In November 1919, the Milner Commission was sent to Egypt by the British to attempt to resolve the situation. In 1920, Lord Milner submitted his report to Lord Curzon, the British Foreign
Secretary, recommending that the protectorate should be replaced by a treaty of alliance. As a result, Curzon agreed to receive an Egyptian mission headed by Zaghlul and Adli Pasha to discuss the proposals. The mission arrived in London in June 1920 and the agreement was concluded in August 1920. In February 1921, the British Parliament approved the agreement and Egypt was asked to send another mission to London with full powers to conclude a definitive treaty.

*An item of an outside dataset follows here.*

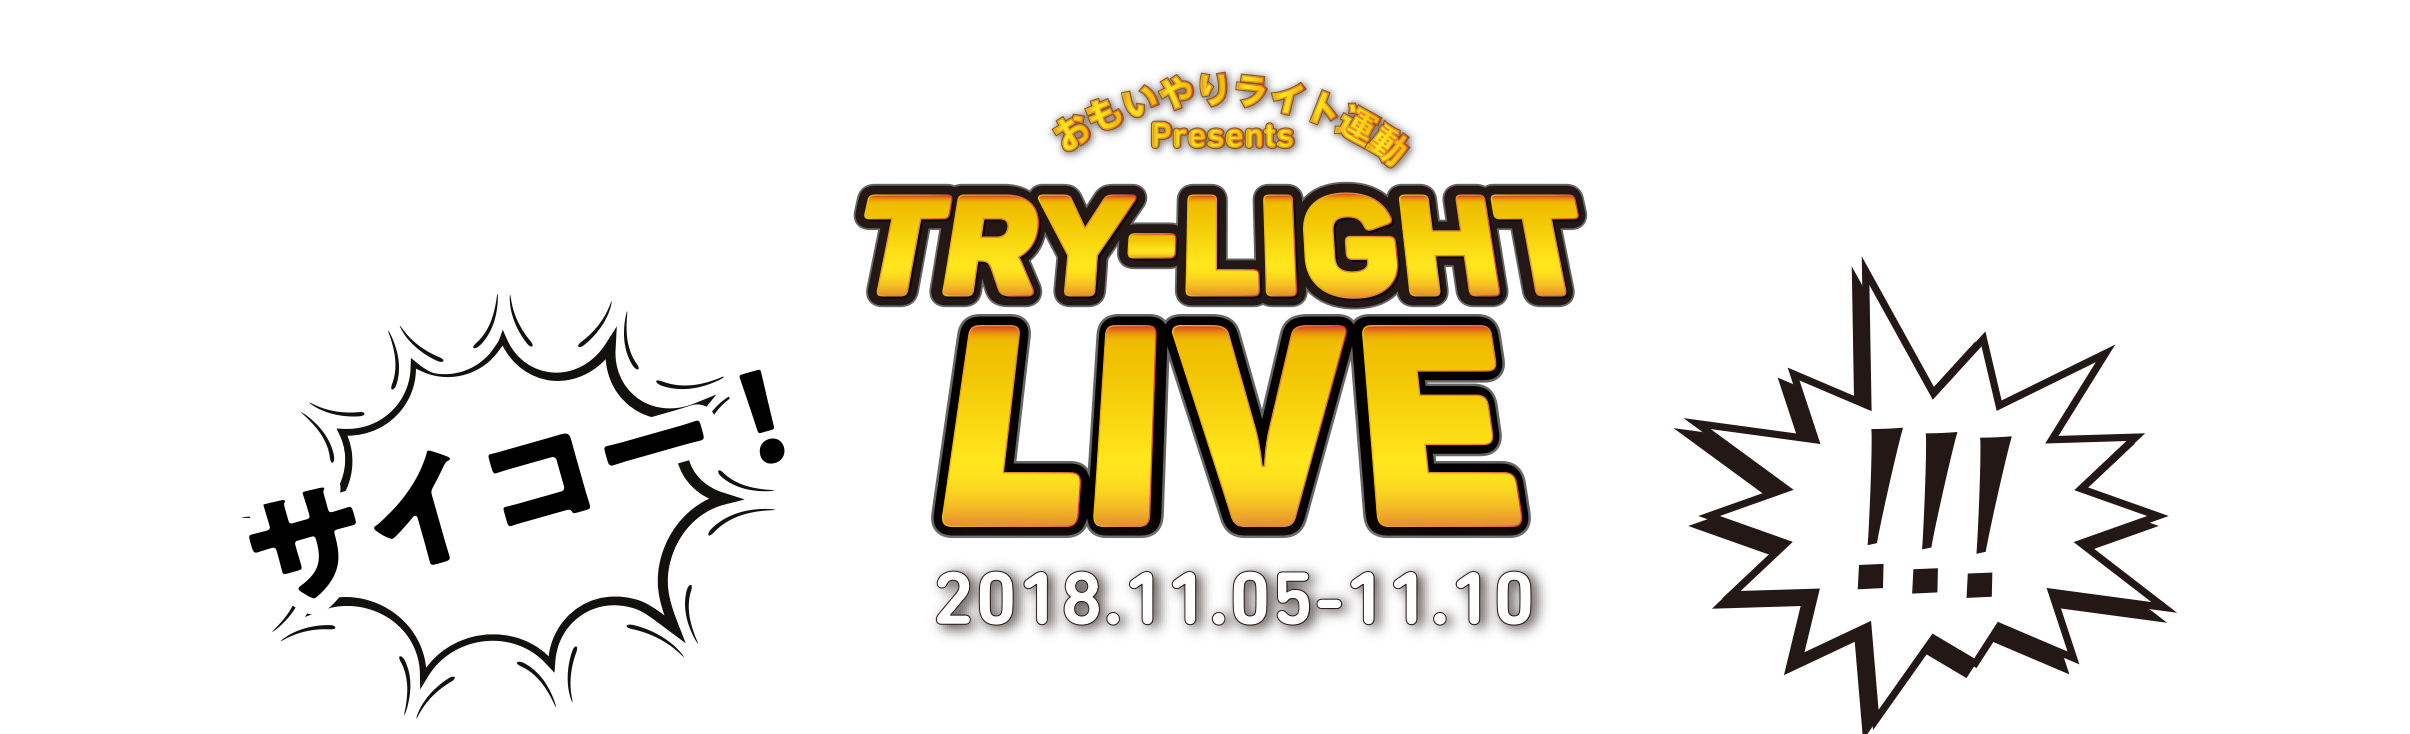 おもいやりライト運動Presents TRY-LIGHT LIVE

Adli Pasha led this mission, which arrived in June 1921. However, the Dominion delegates at the 1921 Imperial Conference had stressed the importance of maintaining control over the Suez Canal Zone and Curzon could not persuade his Cabinet colleagues to agree to any terms that Adli Pasha was prepared to accept. The mission returned to Egypt in disgust.

Continued occupation (1922–1956)

In December 1921, the British authorities in Cairo imposed martial law and once again deported Zaghlul. Demonstrations again led to violence.  In deference to the growing nationalism and at the suggestion of the High Commissioner, Lord Allenby, the UK unilaterally declared Egyptian independence on 28 February 1922, abolishing the protectorate and establishing an independent Kingdom of Egypt. Sarwat Pasha became prime minister. British influence continued to dominate Egypt's political life and fostered fiscal, administrative, and governmental reforms. Britain retained control of the Canal Zone, Sudan and Egypt's external protection; protection of foreigners and separate courts for foreigners; the police forces, the army, the railways and the communications. British troops were stationed in cities and towns.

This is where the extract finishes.